Action item: Working from the top of the listing below, retype each line through the line containing "Exciting & thoroughly", both included, with no pictures.

Given information:
+++

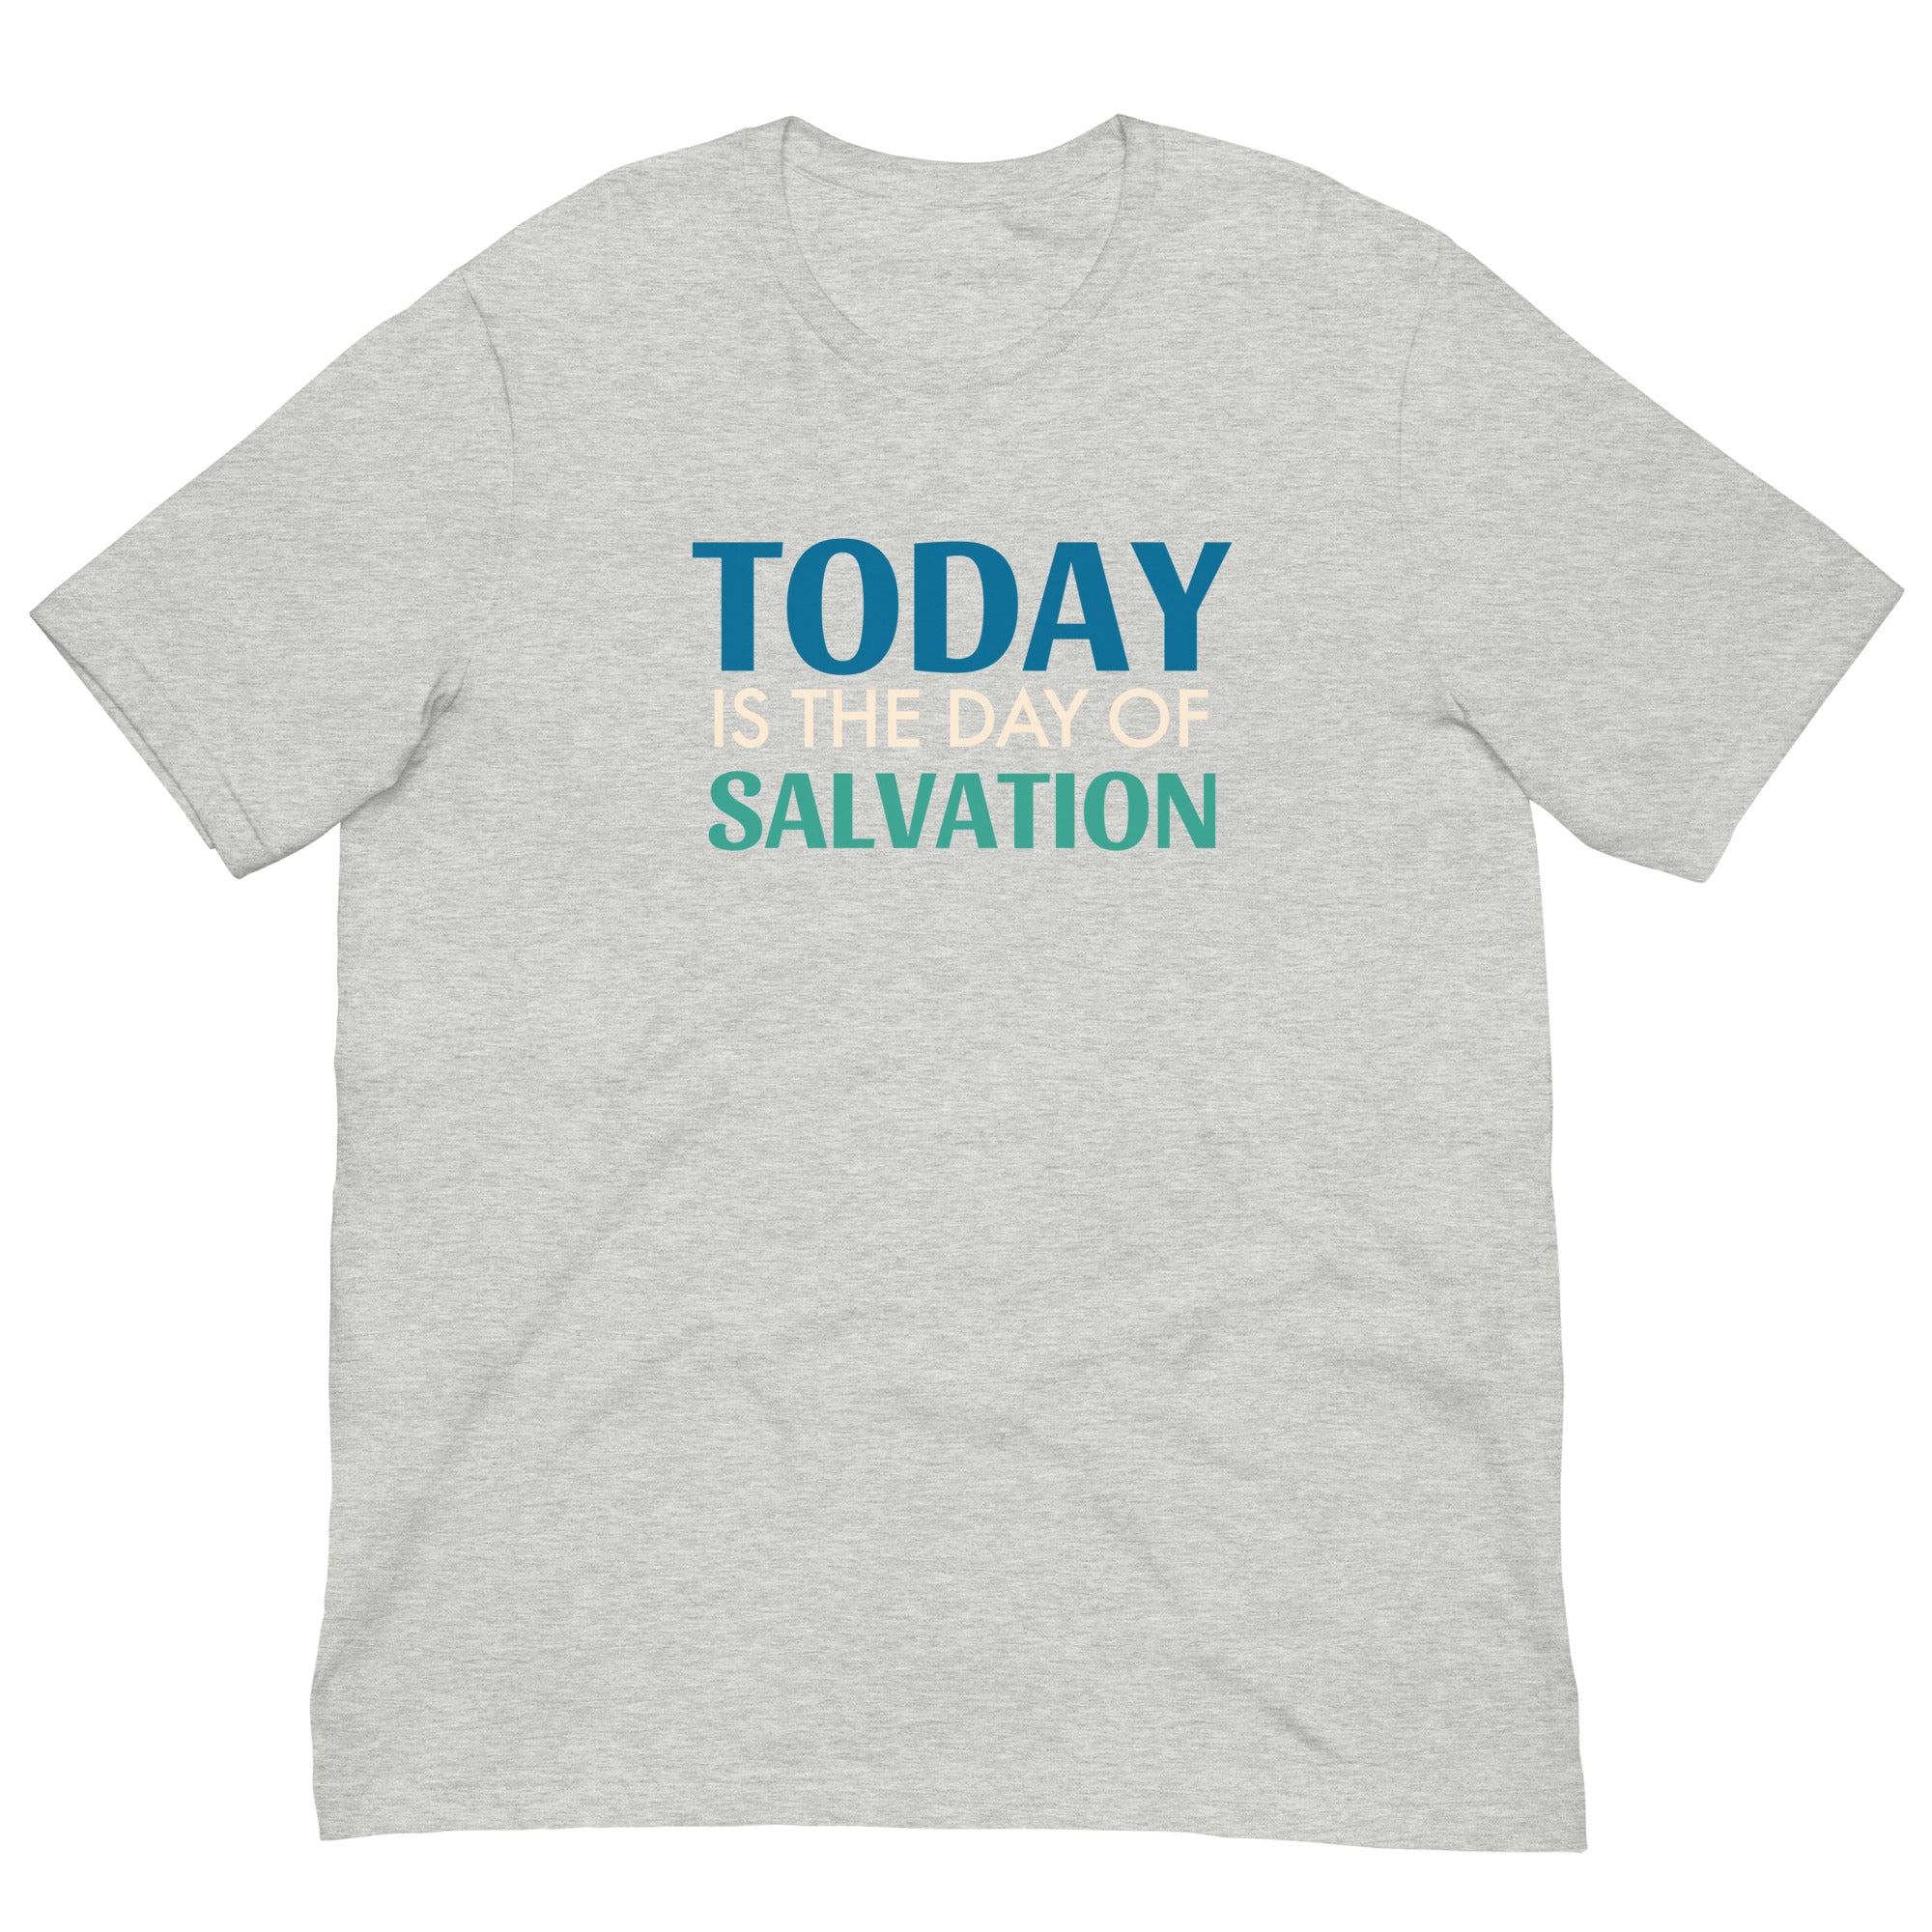 Today is the day of Salvation Unisex t-shirt
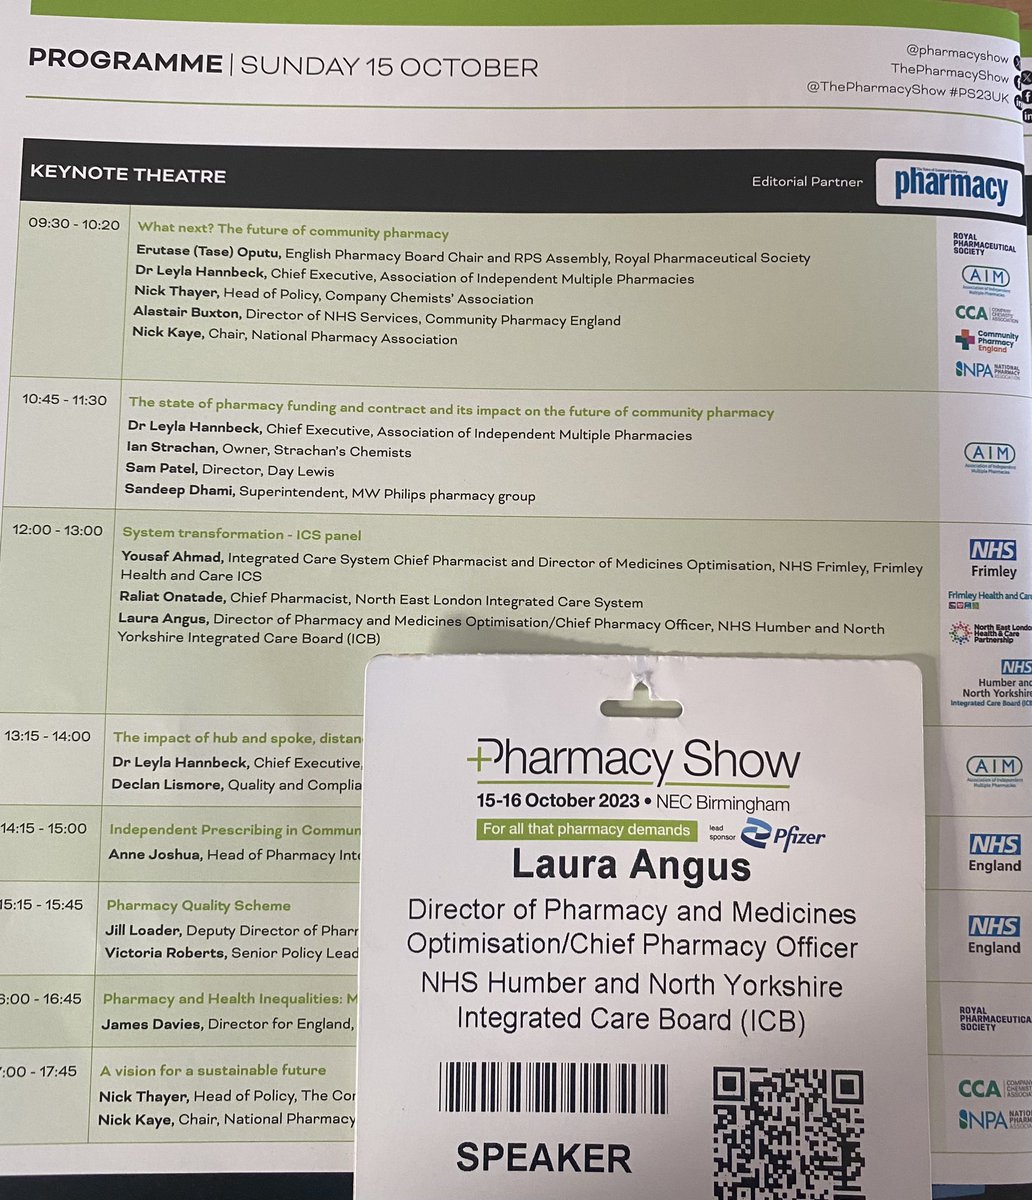 Exciting & thoroughly enjoyable (once I stopped being nervous) to be part of a panel of fellow ICB Chief Pharmacists @M_YousafAhmad & @Ral_sez talking all things #Pharmacy & #SystemTransformation @pharmacyshow #PS23UK @HNYPartnership @FrimleyHC @NHS_NELondon 🙏 @agnes_jacobs
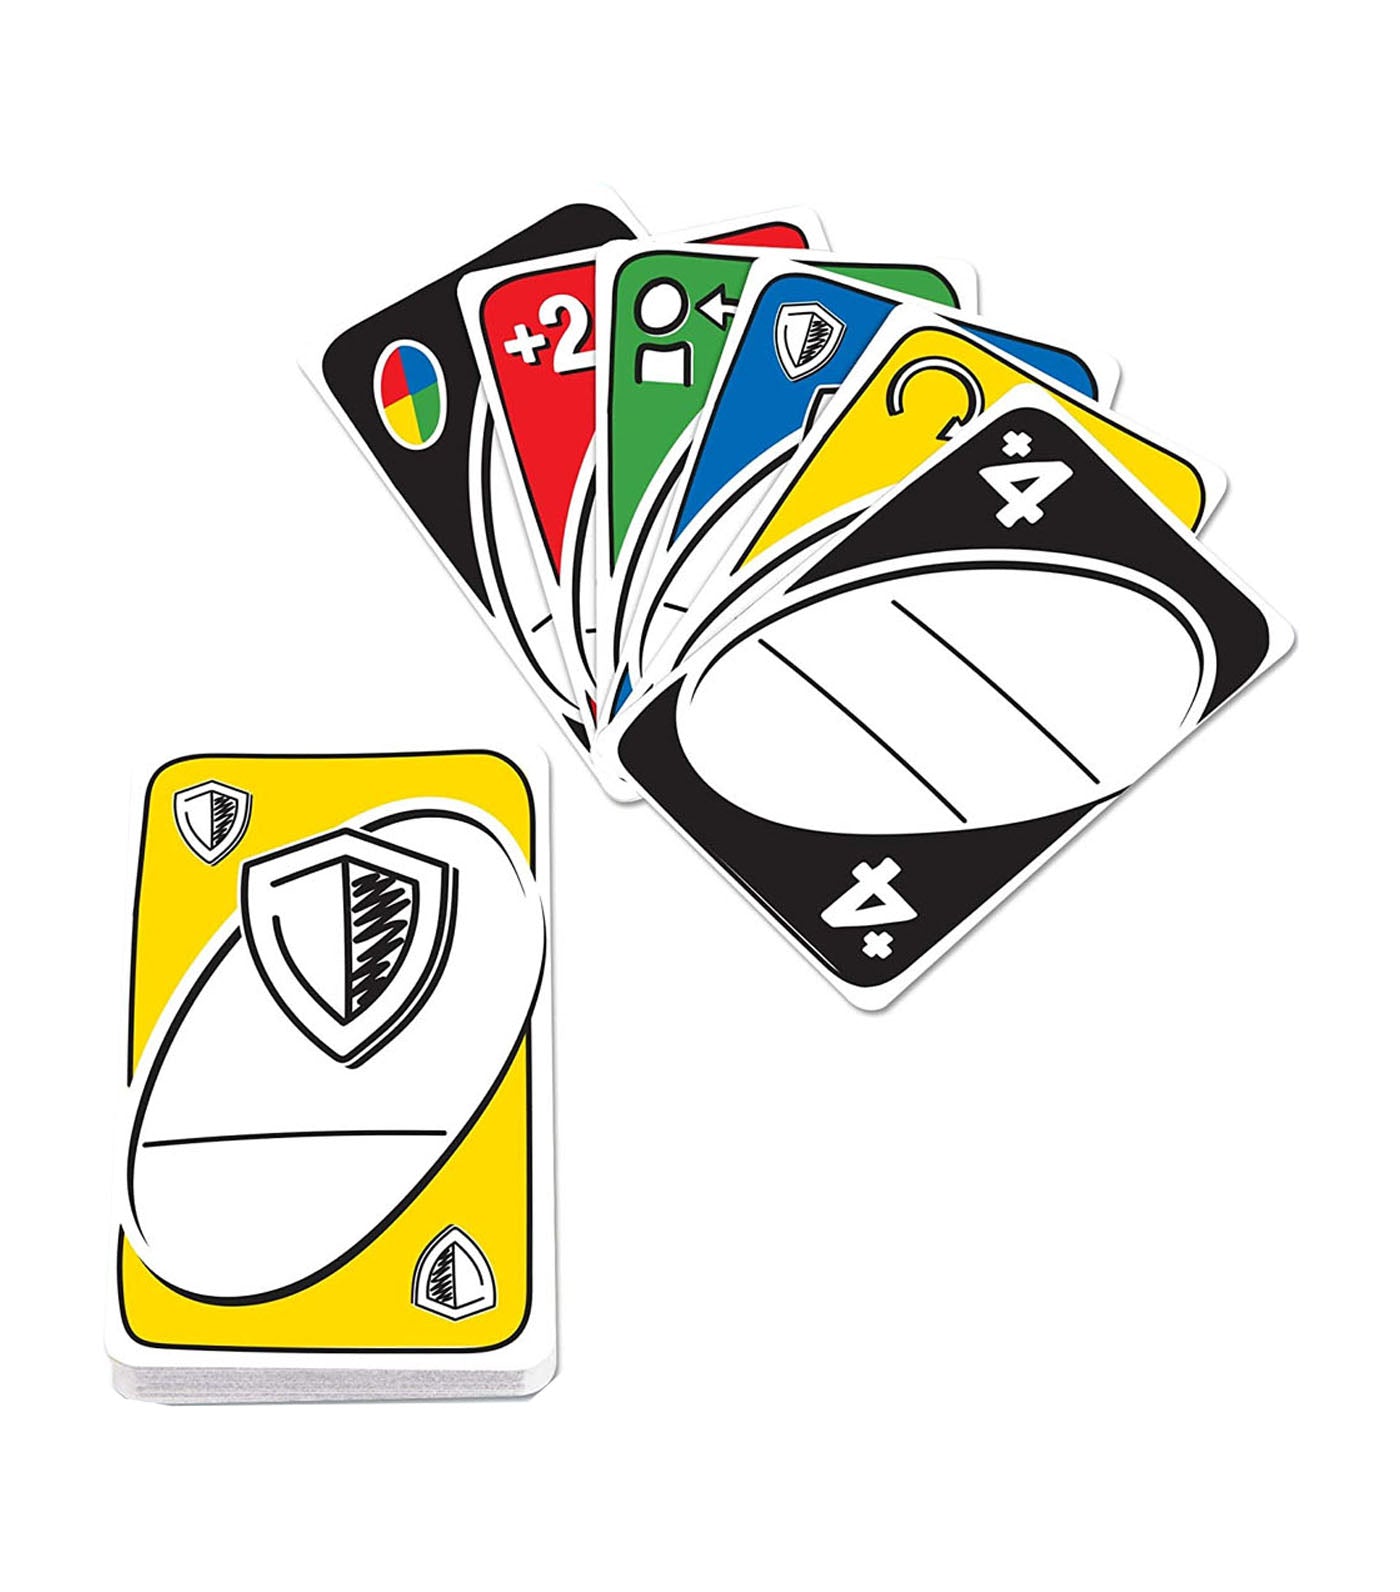 UNO Dos Second Edition [Card Game] [112 Cards for 2-4 Players]
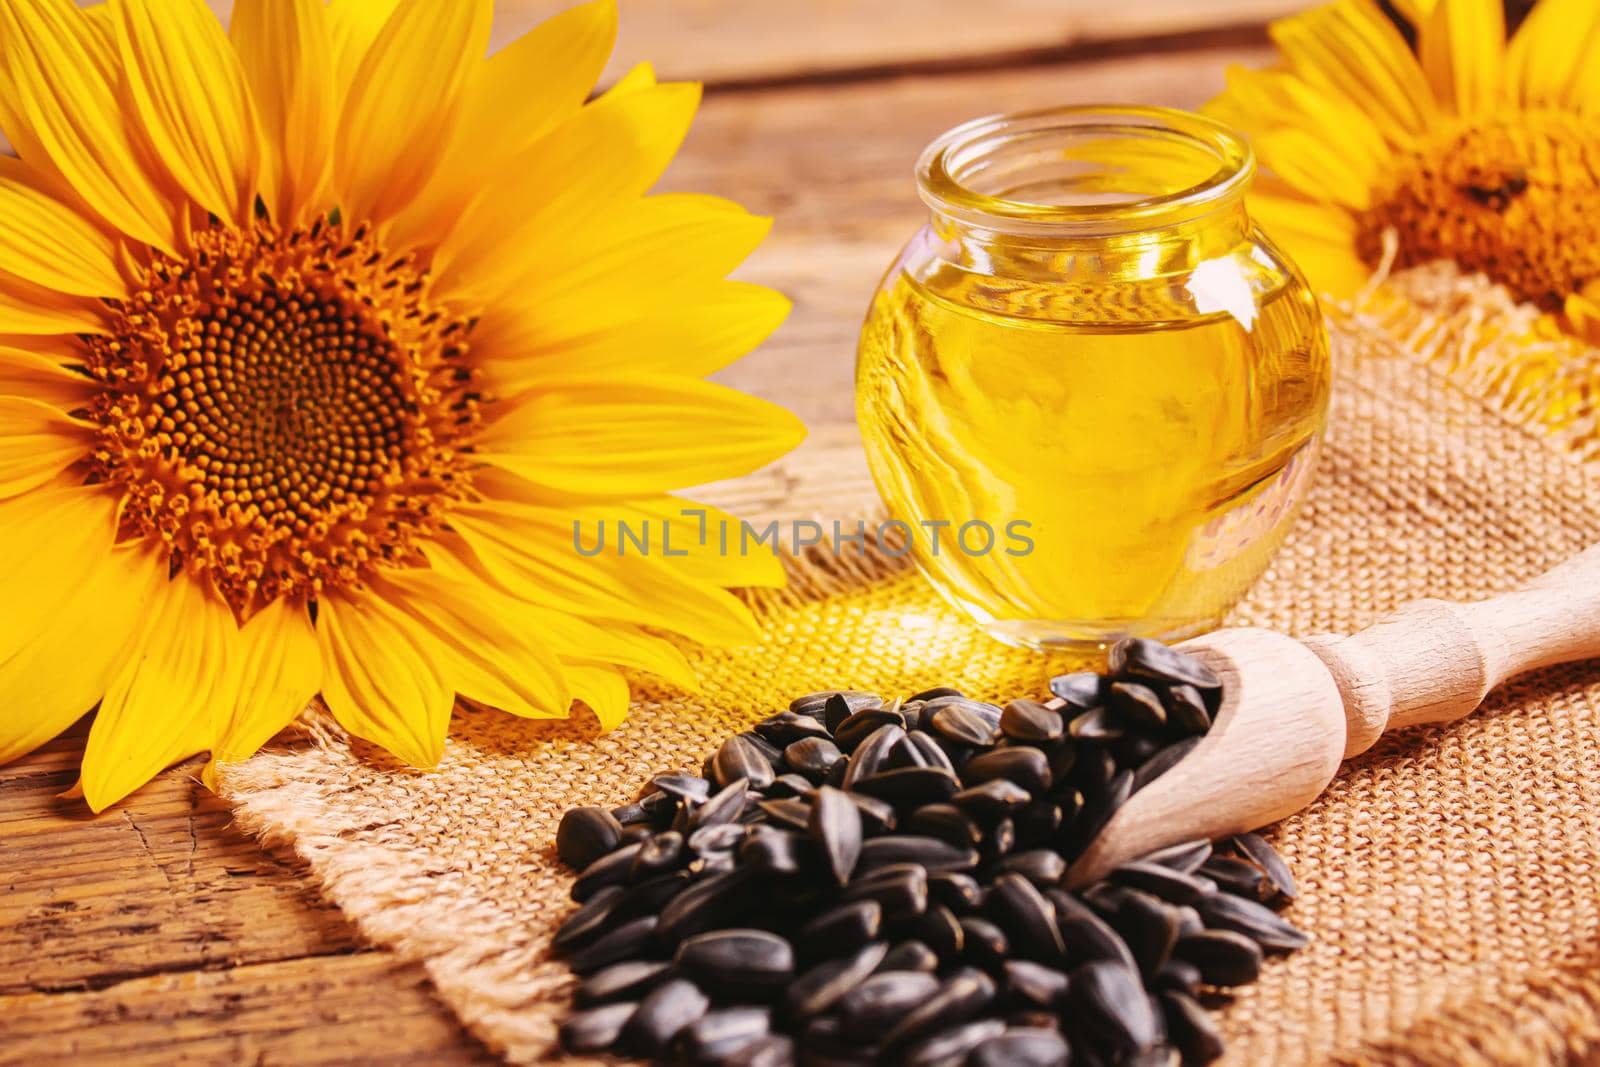 Sunflower seeds and oil bottle on old wooden background. Selective focus.nature

+++

The completed task:
 Today is the day of Salvation Unisex t-shirt
 Exciting & thoroughly enjoyable (once I stopped being nervous) to be part of a panel of fellow ICB Chief Pharmacists @M_YousafAhmad & @Ral_sez talking all things #Pharmacy & #SystemTransformation @pharmacyshow #PS23UK @HNYPartnership @FrimleyHC @NHS_NELondon 🙏 @agnes_jacobs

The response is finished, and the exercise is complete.